What you are asked to do: Word for word, the data below must be repeated in full; no picture is to be included.

[[ Provided material, beginning ]]

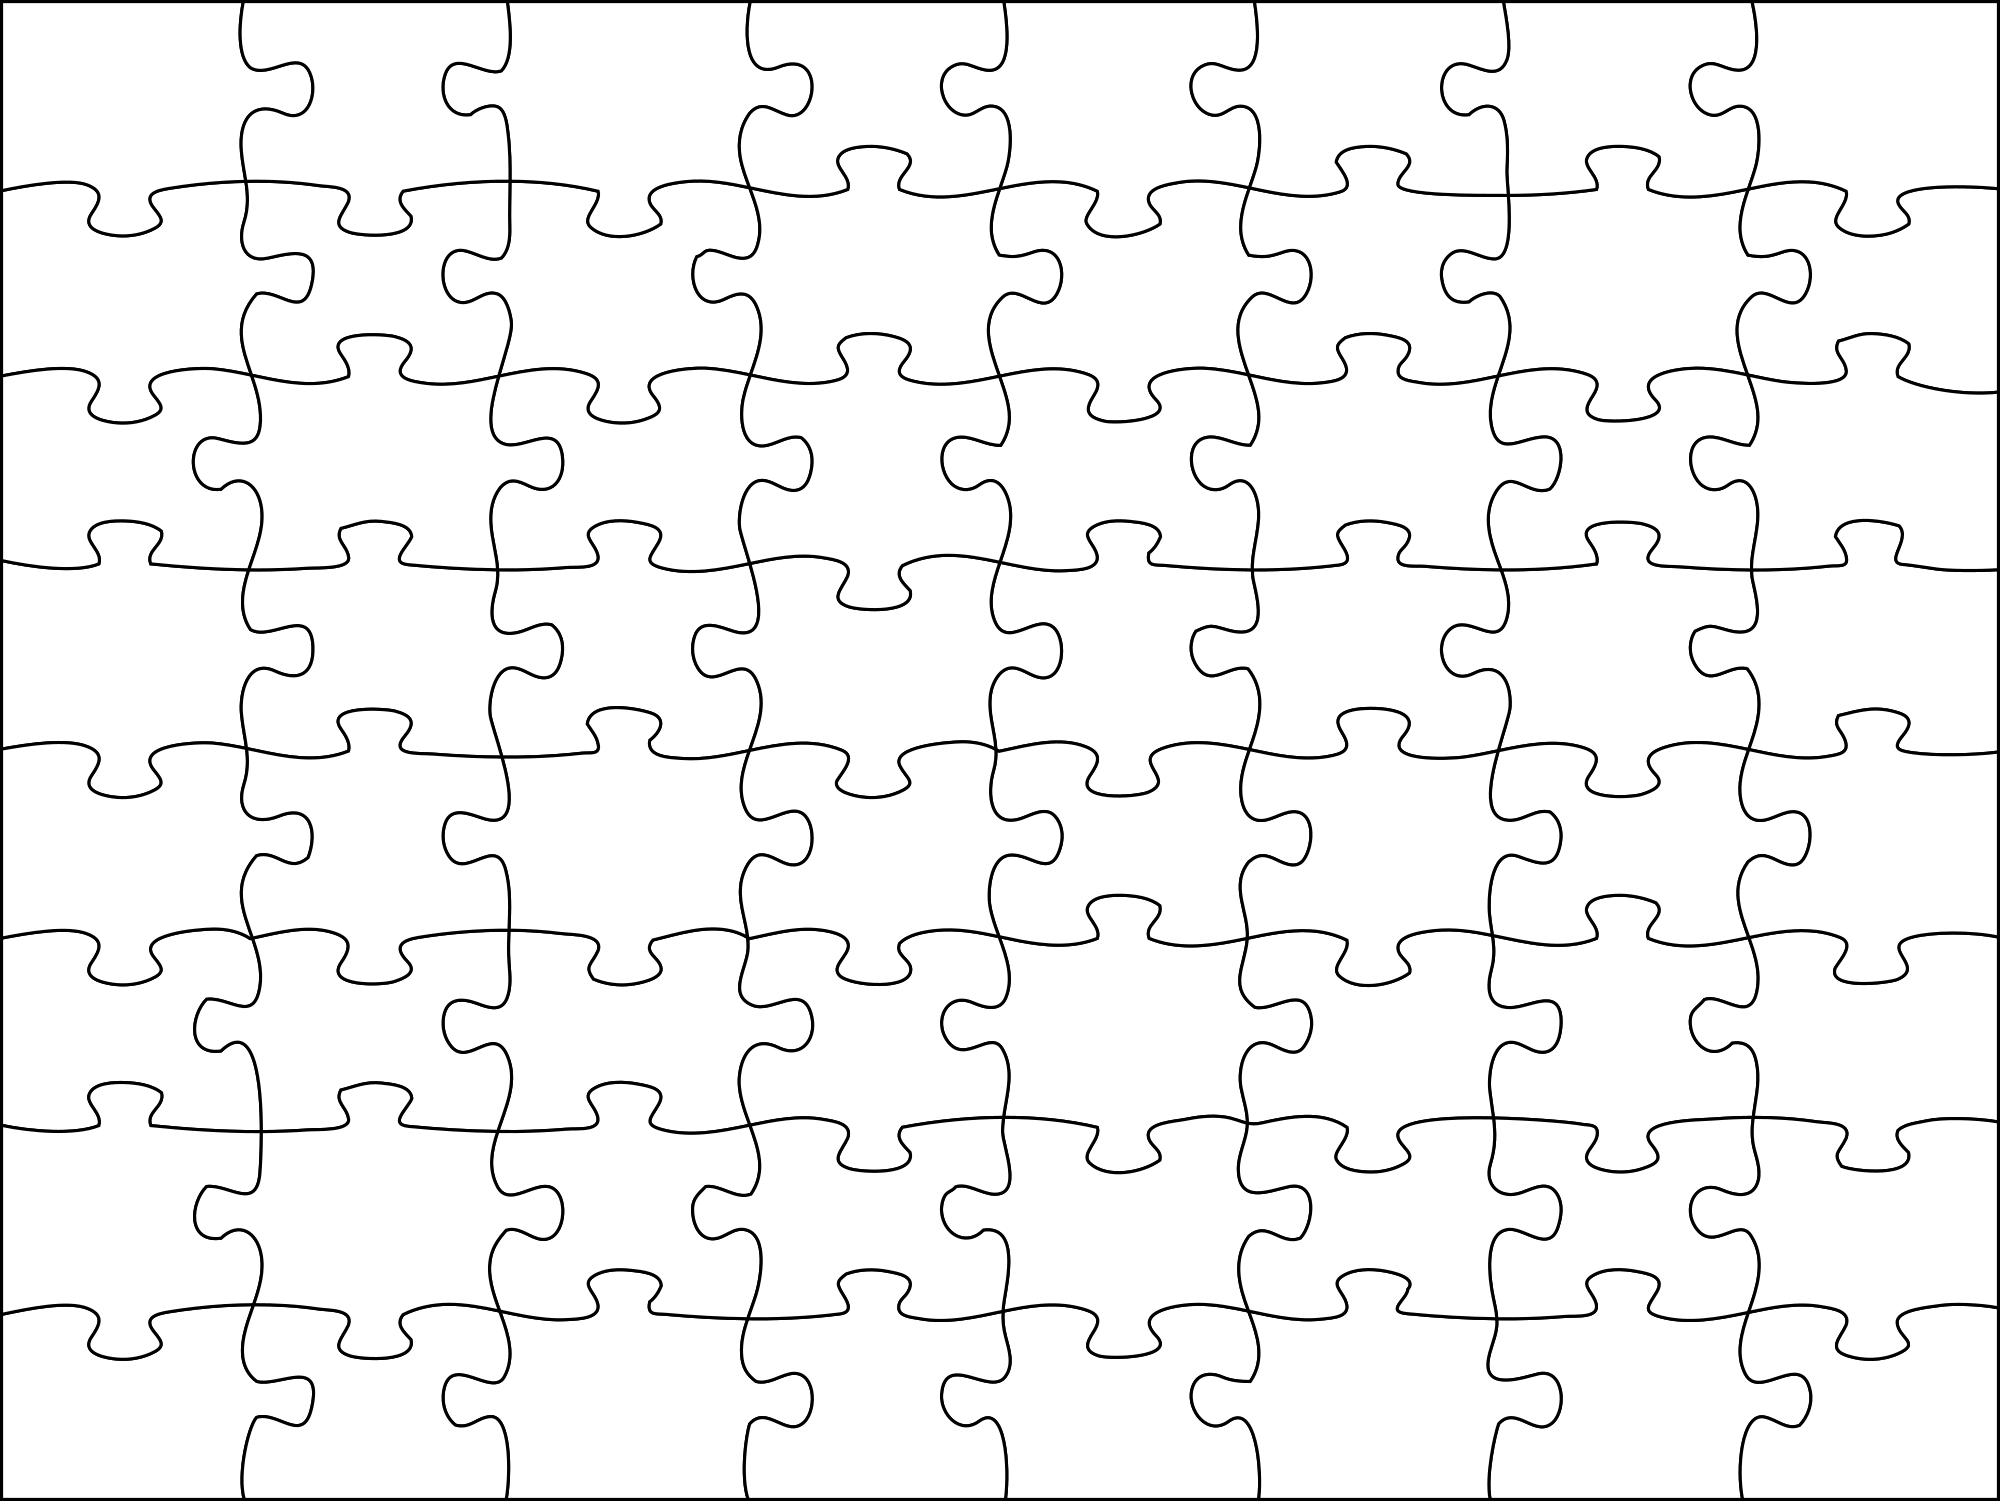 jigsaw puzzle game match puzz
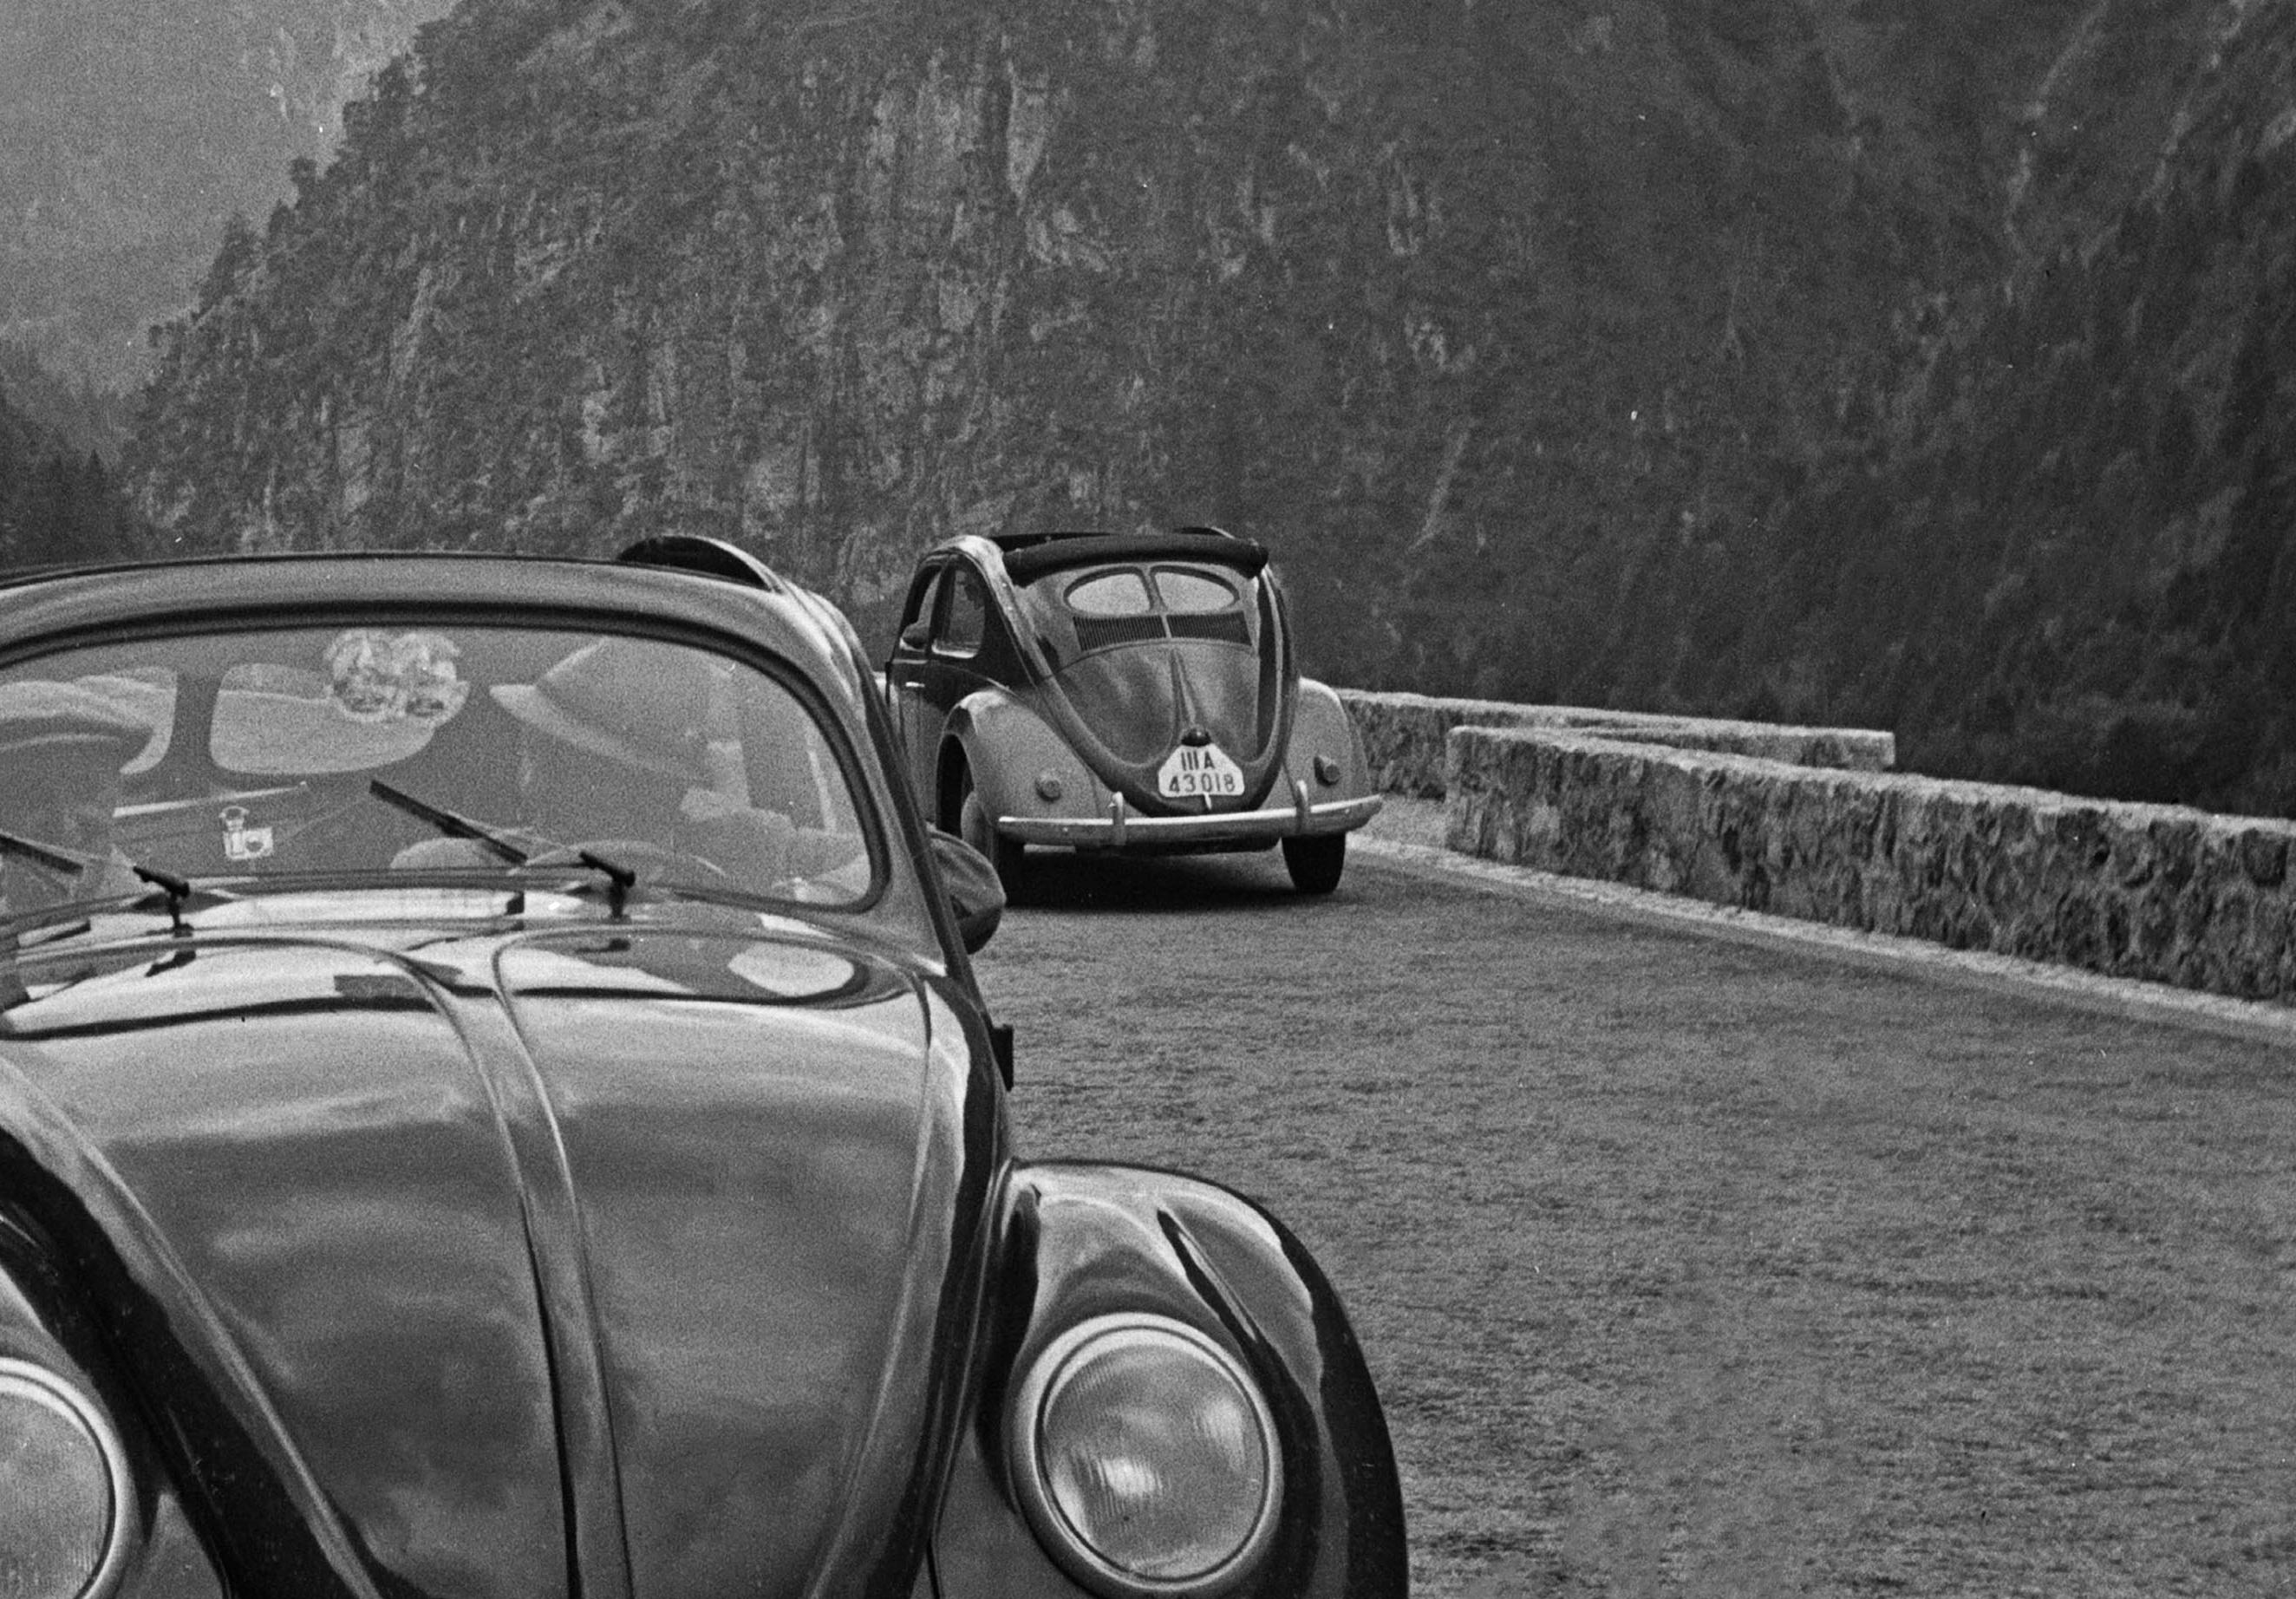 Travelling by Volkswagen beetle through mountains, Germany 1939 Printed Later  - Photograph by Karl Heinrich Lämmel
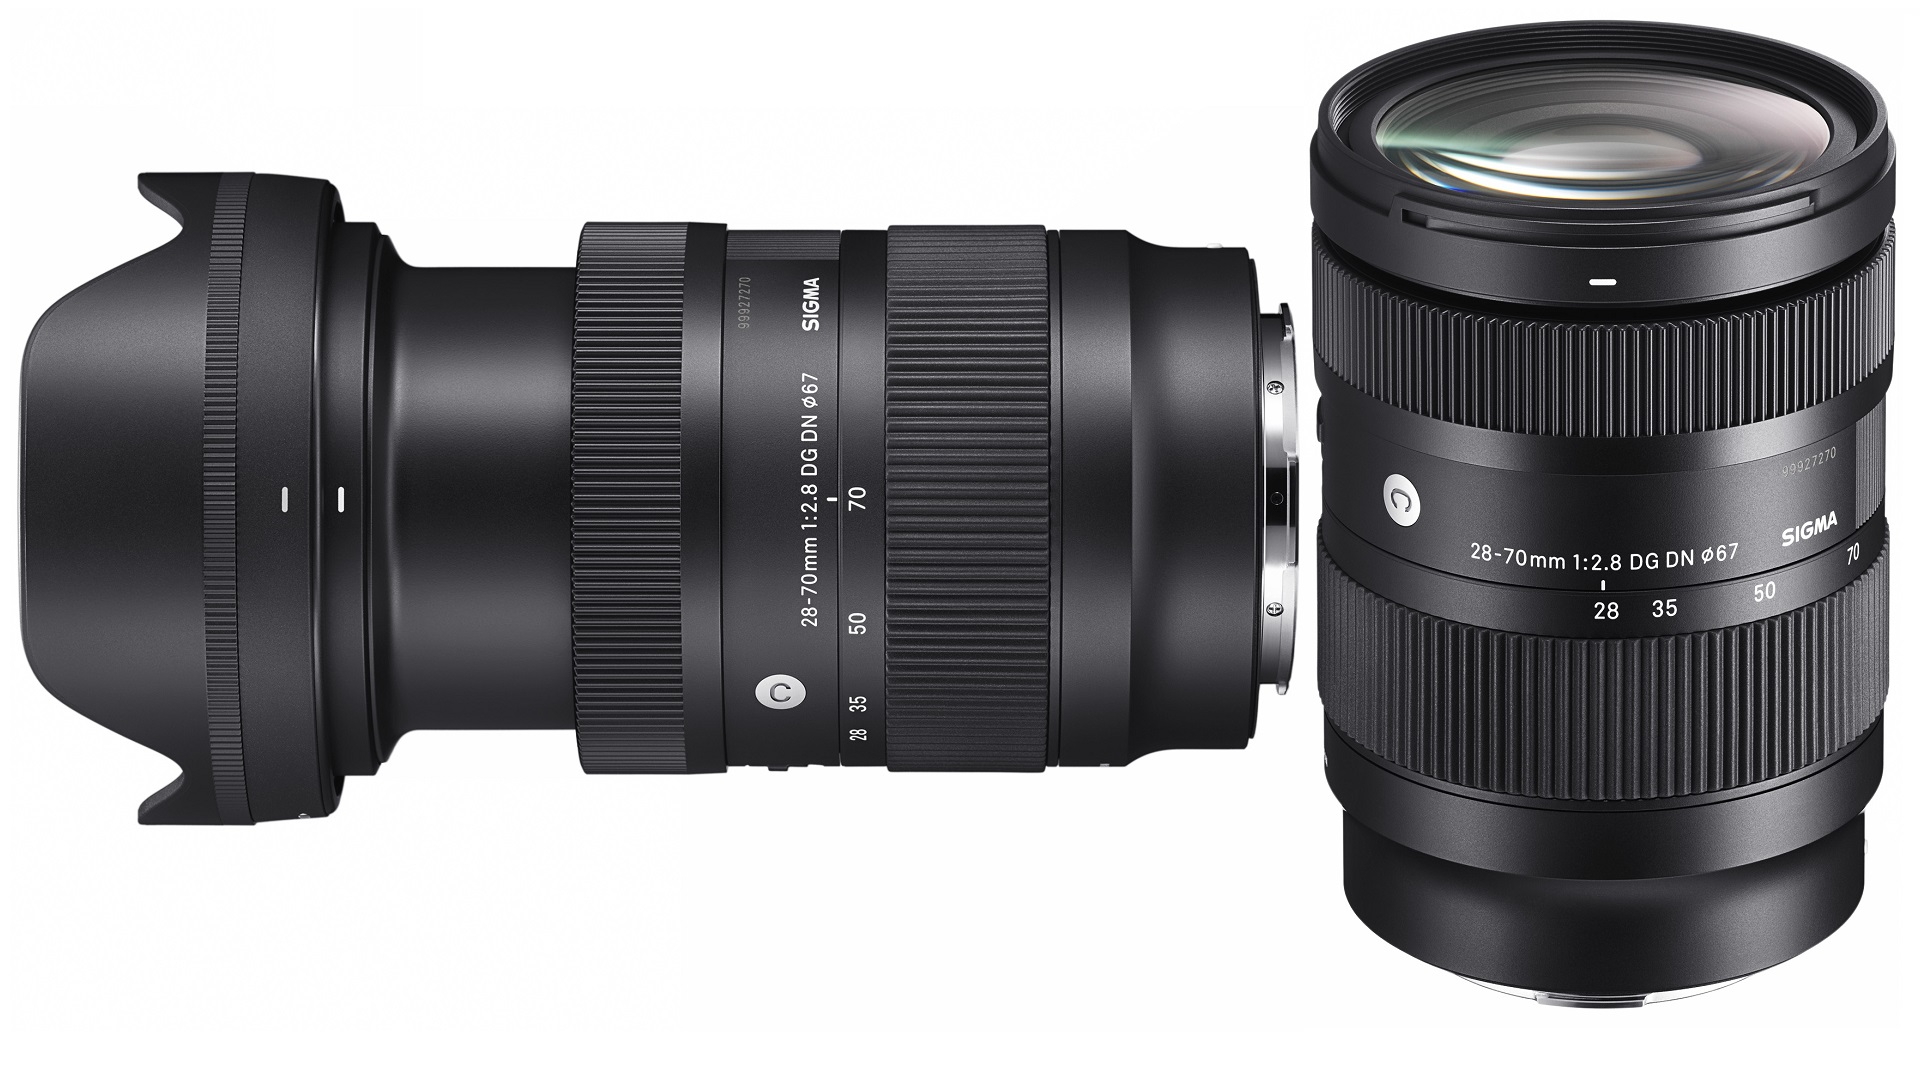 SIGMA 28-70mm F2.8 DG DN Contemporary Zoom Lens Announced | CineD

[[ Provided material, end ]]

Written solution:
 jigsaw puzzle game match puzz
 Travelling by Volkswagen beetle through mountains, Germany 1939 Printed Later  - Photograph by Karl Heinrich Lämmel
 SIGMA 28-70mm F2.8 DG DN Contemporary Zoom Lens Announced | CineD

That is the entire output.